Kubernetes and Cloud technologies enthusiast, DevOps believer - Golang and Dotnet Developer

PriorityClasses are underrated but critical

When people think about scheduling, they usually go to affinity rules, topology constraints, taints, etc…
Yet there is another mechanism that is taken into account by the scheduler but almost always gets left out.
But PriorityClasses are critical, that will decide which pod die and which live when the cluster is under pressure.

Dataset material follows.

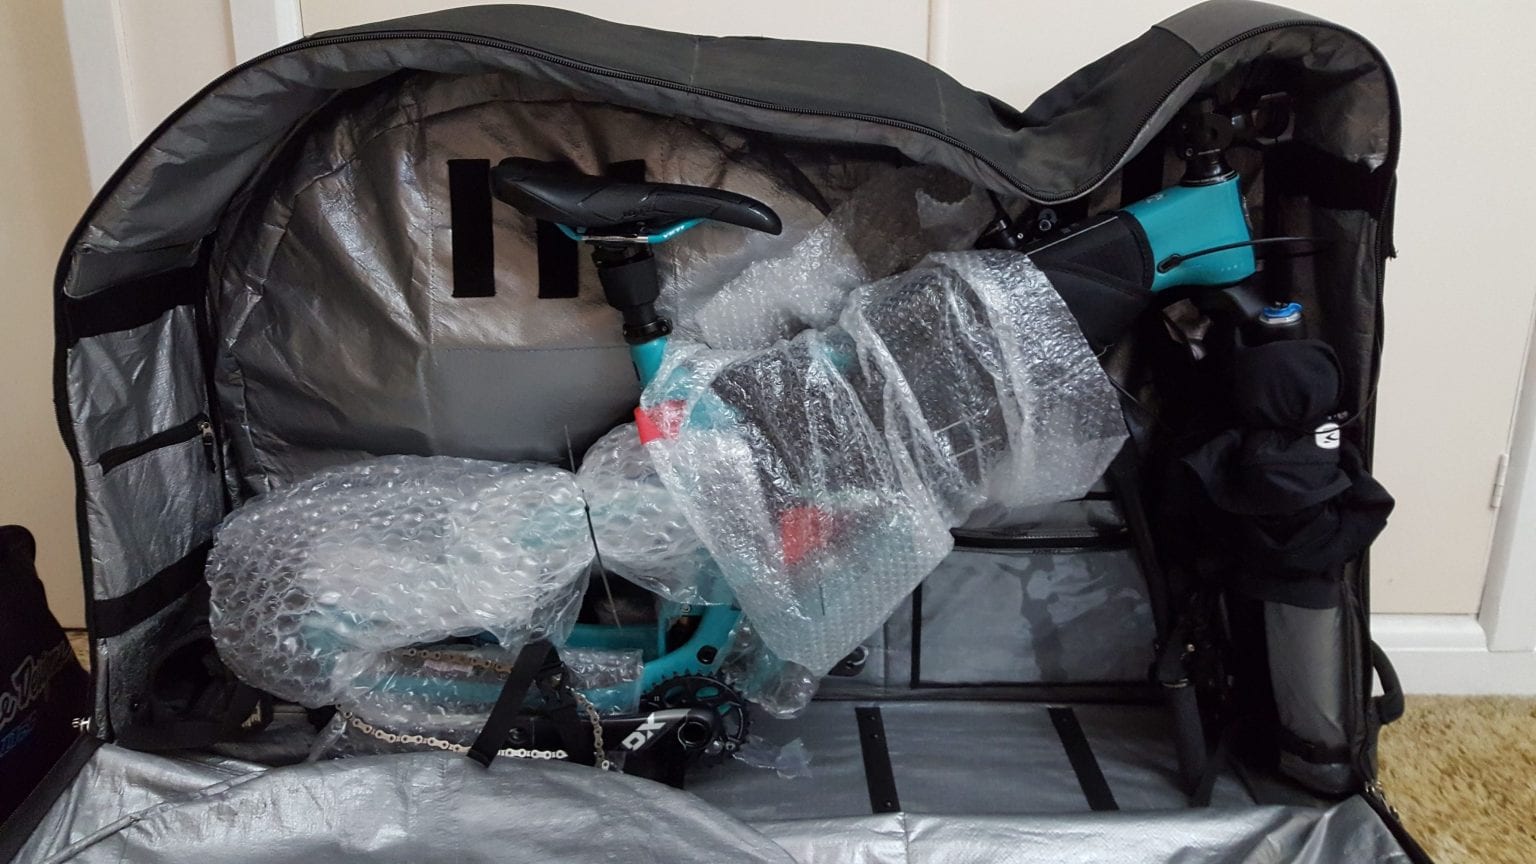 Yeti packed into an EVOC bike bag

Most teams either ignore them or are not aware of them and that’s too bad.
Used properly, PriorityClasses ensure critical workloads continue running even under resource constraints.
Basically, it allows to assign different priorities to pods that will then be used by the scheduler for scheduling but also eviction.
Higher priority pods are scheduled first and lower ones are evicted first in case of pressure.

PriorityClass

A PriorityClass is a cluster-wide resource that assigns a different priority to pods.
It will then be used by the scheduler to make decision for scheduling but also eviction.
Higher priority pods are scheduled first and lower ones are evicted first in case of pressure.

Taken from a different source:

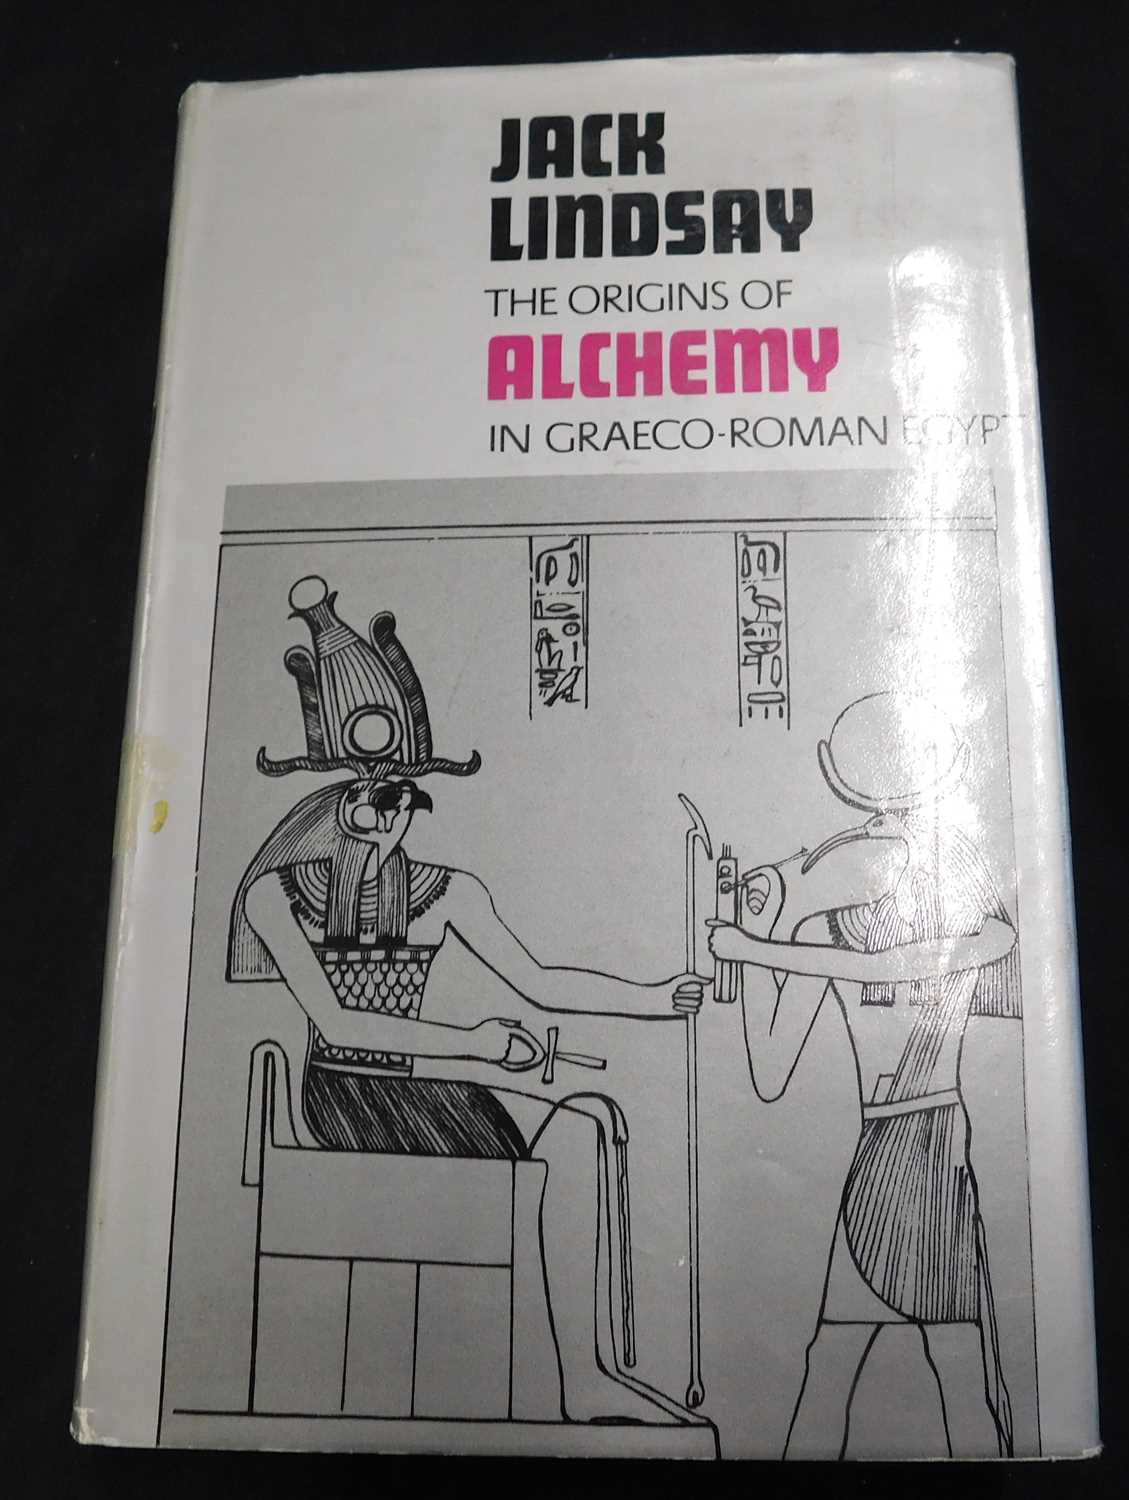 JACK LINDSAY: THE ORIGINS OF ALCHEMY OF GRAECO-ROMAN EGYPT, London, Frederick Muller, 1970, 1st

Simple example for definition:

apiVersion: scheduling.k8s.io/v1
kind: PriorityClass
metadata:
  name: system-critical
value: 1000000
globalDefault: false
description: "Critical system Pods."

And how to attach it:

...
...
spec:
  template:
    spec:
      priorityClassName: system-critical
...
...

These pods will now be scheduled before anything else and not be evicted under node pressure.

Default situation

So now let’s see what happens when no priorityClasses are used.
When no priorityClass is set, pods get assigned a default priority with a value of 0.
So concretely, if none of the workloads are using priorityClasses they are all treated equally.
Your batch jobs will have the same importance as your critical workloads. If your cluster is in bad shape
and pods need to be evicted, it will become Russian roulette eviction.
This situation is a hidden risk, hence adding a simple line on critical pods can save you from major incident.

Priority strategy

It’s time to think about priority strategy because defining everything as critical leads to nothing is.
I personally think that 4 tiers are quite a good strategy

# For DNS, CNI, admission controllers, etc.
apiVersion: scheduling.k8s.io/v1
kind: PriorityClass
metadata:
  name: system-critical
value: 1000000

# For critical pods
apiVersion: scheduling.k8s.io/v1
kind: PriorityClass
metadata:
  name: pod-critical
value: 90000

# For production pods
apiVersion: scheduling.k8s.io/v1
kind: PriorityClass
metadata:
  name: prod
value: 10000


# For batch
apiVersion: scheduling.k8s.io/v1
kind: PriorityClass
metadata:
  name: batch
value: 1000

So with that, the scheduler will have knowledge of what is important in your cluster.
In case of resource pressure, it will be able to:

Audit current state

Below command will show the deployed PriorityClasses objects

kubectl get pc

And this one liner will list and sort all deployed pods by PriorityClasses

kubectl get pods -A -o jsonpath='{range .items[*]}{.metadata.namespace}{"\t"}{.metadata.name}{"\t"}{.spec.priorityClassName}{"\n"}{end}' | sort

Conclusion

PriorityClasses are in my opinion one of the simplest yet underrated scheduling feature in Kubernetes.
It really can prevent incidents but also avoid to worsening an ongoing incident by evicting critical workloads.
I hope this post was useful and makes you use PriorityClasses if that wasn’t the case.